Most people read a CVE by glancing at the CVSS score and reacting to the color. A 9.8 goes red, panic ensues; a 5.4 goes yellow, it waits for the next maintenance window. That instinct is backwards often enough to be dangerous. CVSS is a severity model, not a risk model — it tells you how bad the bug is in the abstract, not whether it can hurt you. Here is the order I actually walk an advisory in.
1. Does it touch something I run — and how?
Before anything else: is the affected component in my environment, and is it reachable? A critical RCE in an admin panel bound to 127.0.0.1 behind a VPN is a very different problem from the same bug on an internet-facing login page. Exposure and reachability reshape the score more than any base metric.
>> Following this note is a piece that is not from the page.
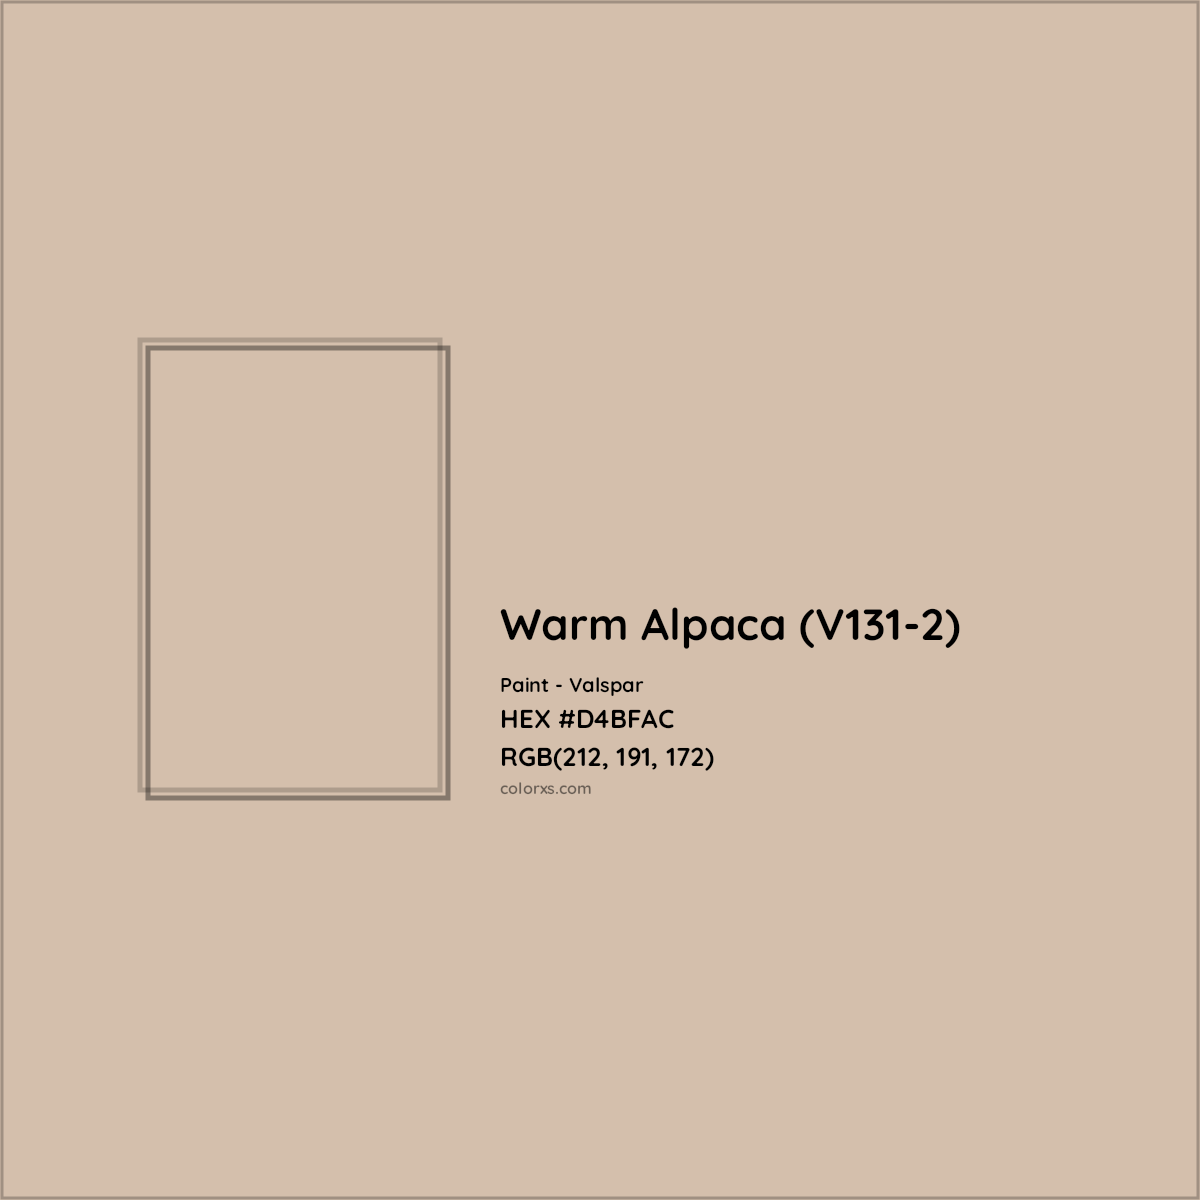 HEX #D4BFAC Warm Alpaca (V131-2) Paint Valspar - Color Code

2. Read the vector string, not the number
The CVSS vector is where the truth lives. I care most about three letters:
- AV (Attack Vector) — Network vs. Local is the difference between "patch tonight" and "patch this sprint."
- PR (Privileges Required) — a bug needing existing admin rights is often a footnote; one needing none is an emergency.
- UI (User Interaction) — "None" means it can be weaponized in an automated sweep.
An unauthenticated, network, no-interaction bug on exposed software is the profile that ends up in a botnet within days, whatever the headline number says.
3. Is it actually being exploited?
Check CISA's Known Exploited Vulnerabilities catalog and your threat feeds. A mid-scored bug with a public exploit and active scanning outranks a "critical" with no known exploit and a hard-to-reach precondition. Real-world exploitation is the signal that turns theory into a queue-jumper.
Patch by exploitability and exposure, not by color. The scoreboard is a starting point, never the verdict.
4. What's the compensating control?
Sometimes the fastest safe move isn't the vendor patch. A WAF rule, a network ACL, disabling a feature, or rotating a credential can neutralize the exploit path while you schedule the real fix properly. Write down the compensating control so it isn't forgotten the moment the panic fades.
None of this replaces patching — it prioritizes it. The goal is to spend your limited attention on the handful of advisories that can actually reach and harm your systems, and to stop treating a number as a decision.